Vertex AI pricing can vary by region due to differences in available hardware, network egress, and integration dependencies. Deploying endpoints or workloads only in essential regions helps avoid duplicative spending. Geo-fencing workloads to where data and users reside reduces latency and unnecessary inter-region data transfer, contributing to predictable and localized cost management.
Monitoring deployment footprints across projects is also crucial for preventing resource sprawl. Automated tooling can identify idle or underutilized endpoints, prompting decommissioning or regional consolidation.
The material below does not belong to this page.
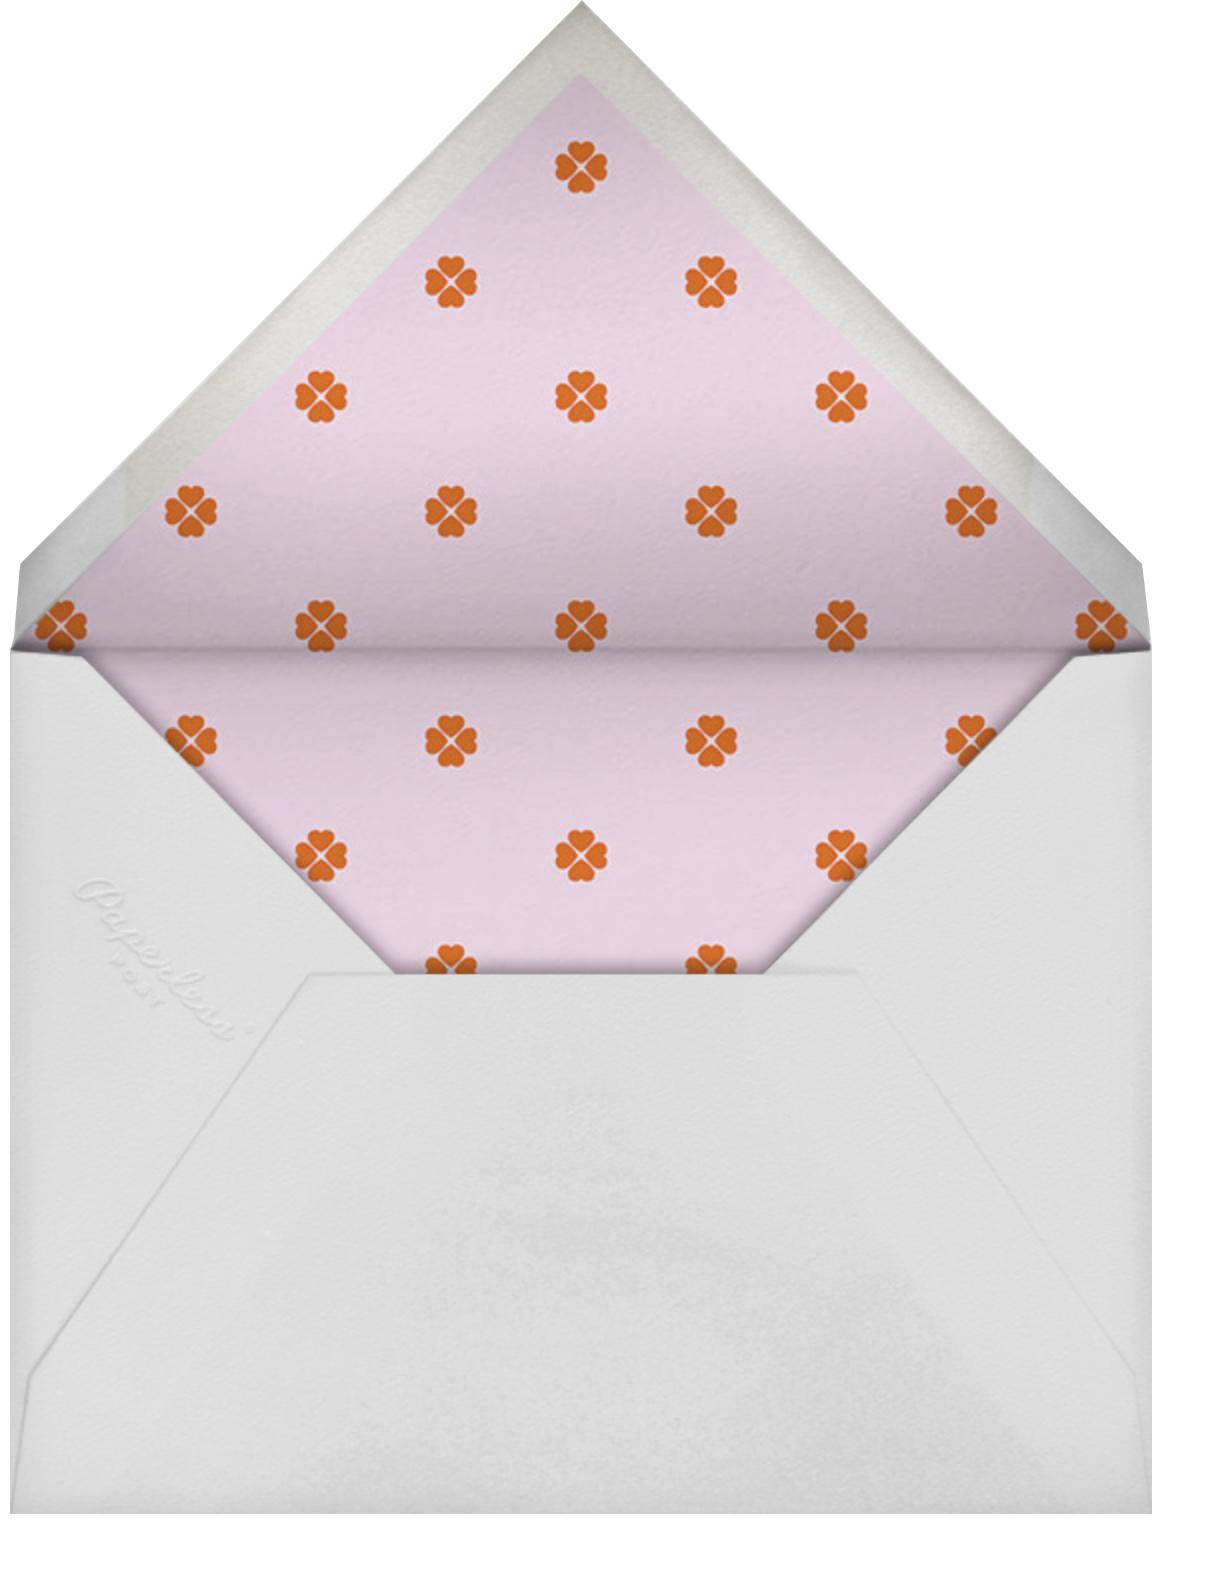 Two Halves - Hydrangea/Longhorn - kate spade new york - Adult birthday - envelope back

Organizations should periodically audit regional resource allocation and align deployment policies with usage patterns to ensure they are not incurring overlapping charges for the same workload in multiple geographies.
Vertex AI offers powerful tools for developing and deploying machine learning systems, but costs can escalate quickly without careful management. Understanding the pricing model for each service, from generative AI and custom training to prediction, pipelines, and supporting infrastructure, is essential for making informed architectural and operational decisions. By aligning model choices, workload strategies, and optimization practices, teams can take full advantage of Vertex AI’s capabilities while keeping costs under control.